The toxics reduction bill is tied to a rule-making process Ecology is undertaking on the fish-consumption rate, which would mean more stringent standards for about 70 chemicals in use currently. Ecology released the draft rule on fish consumption on the first day of session last week, and Ecology said the fate of that rule, which would hit some of the major companies such as aerospace industry giant Boeing, was tied to the outcome of the toxics reduction bill.

Sen. Doug Ericksen, R-Ferndale and chair of the Senate Energy and Environment Committee, has sponsored a competing measure on toxics that’s slated for a hearing in his committee at 1:30 Thursday afternoon.

The debate Monday harkened back to the discussions of the PBDE bans eight years ago — the flame retardants, which became commonplace among U.S. manufacturers after California instituted a requirement that they be included, are showing up in tests of house dusts and other methods for bioaccumulation in humans.

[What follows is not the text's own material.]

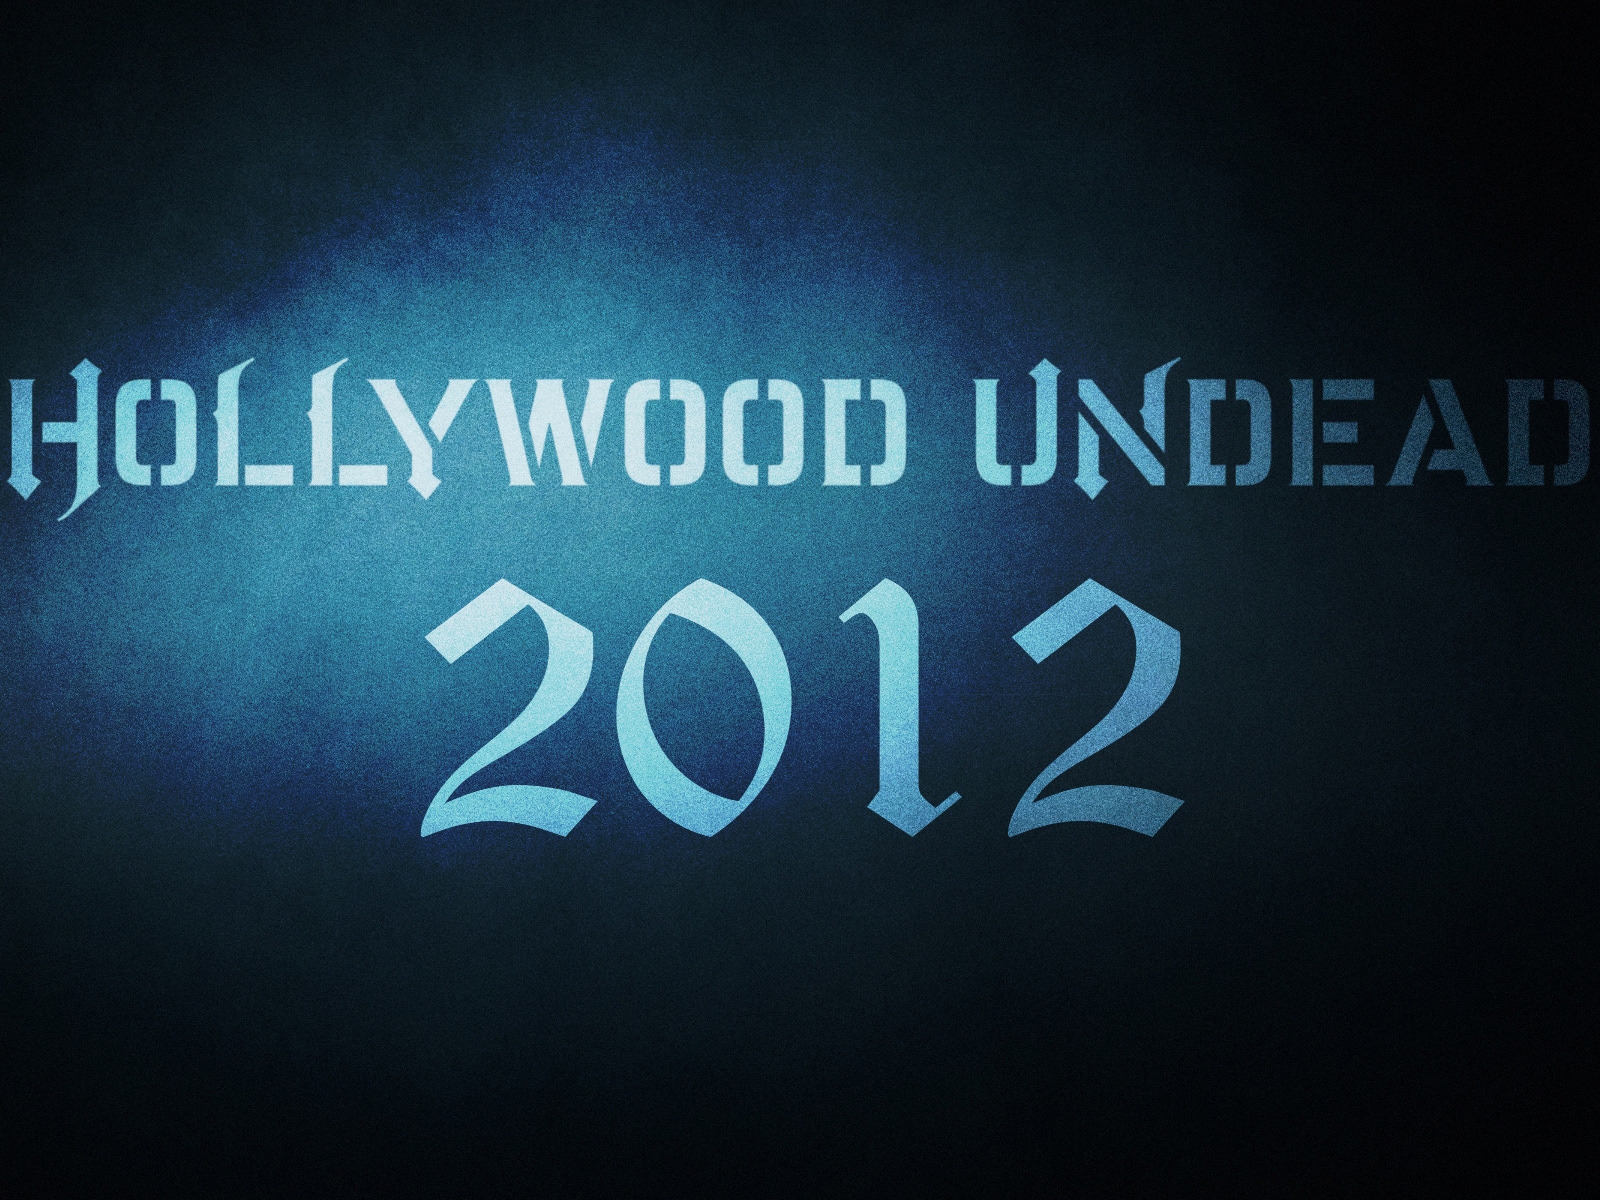 Hollywood Undead 2012 for 1600 x 1200 resolution
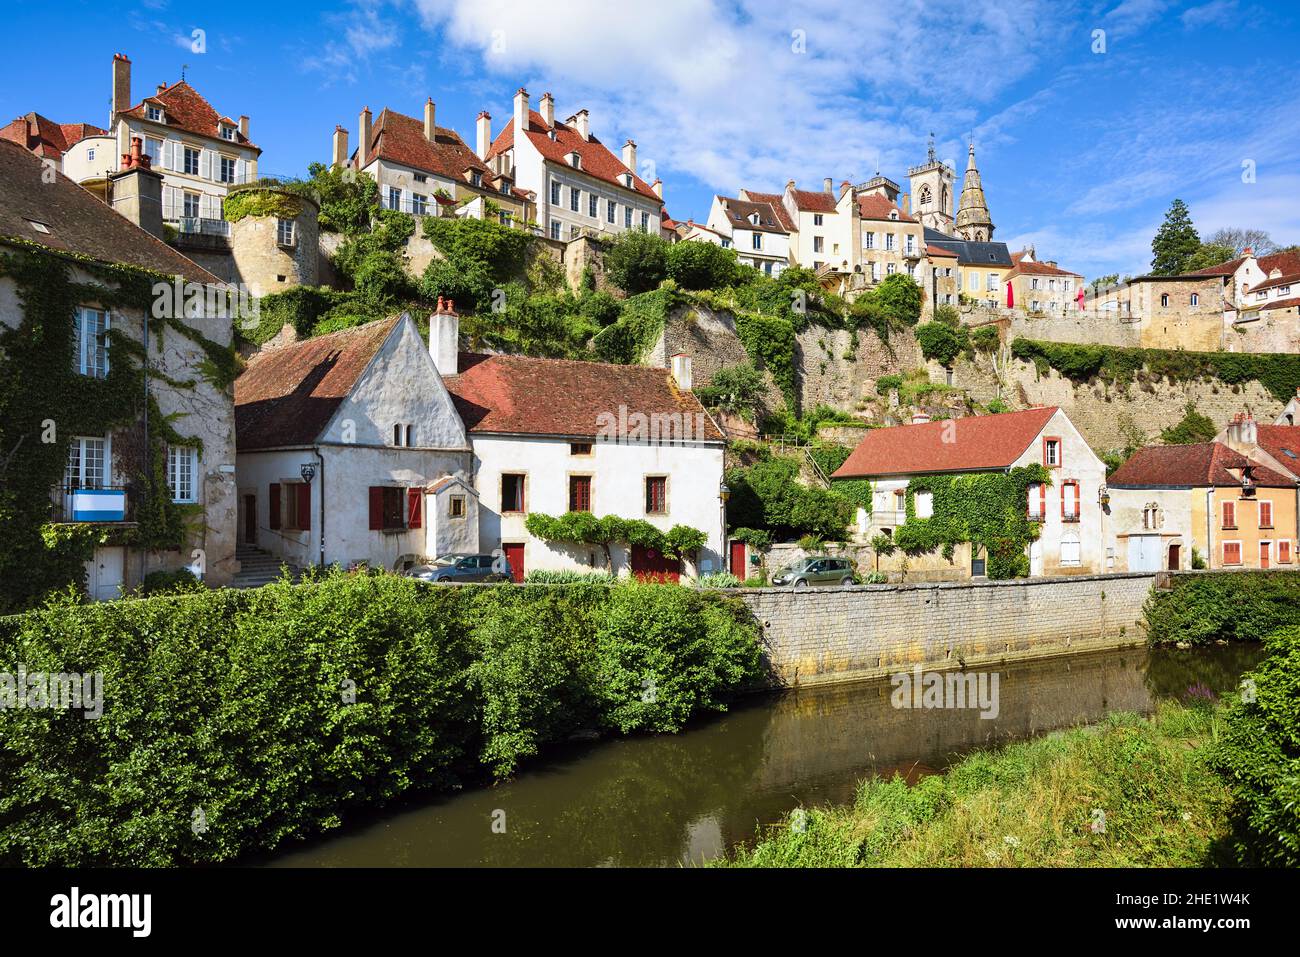 Historical Old town of medieval city of Semur en Auxois, Cote d'Or, Burgundy, France Stock Photo

Erika Schreder, science director for the Washington Toxics Coalition, testified that they’re carcinogenic based on lab tests with rodents, and pose reproductive and developmental harm to children.

But one of the criticisms of the PBDE ban is that it just prodded manufacturing firms to use a different alternative, which is now being considered for bans. Kraege said the original ban didn’t give her department a mechanism for addressing “regrettable substitutes.”

Correction appended 1/19: This post has been updated to reflect the correct number of chemicals addressed in the legislation.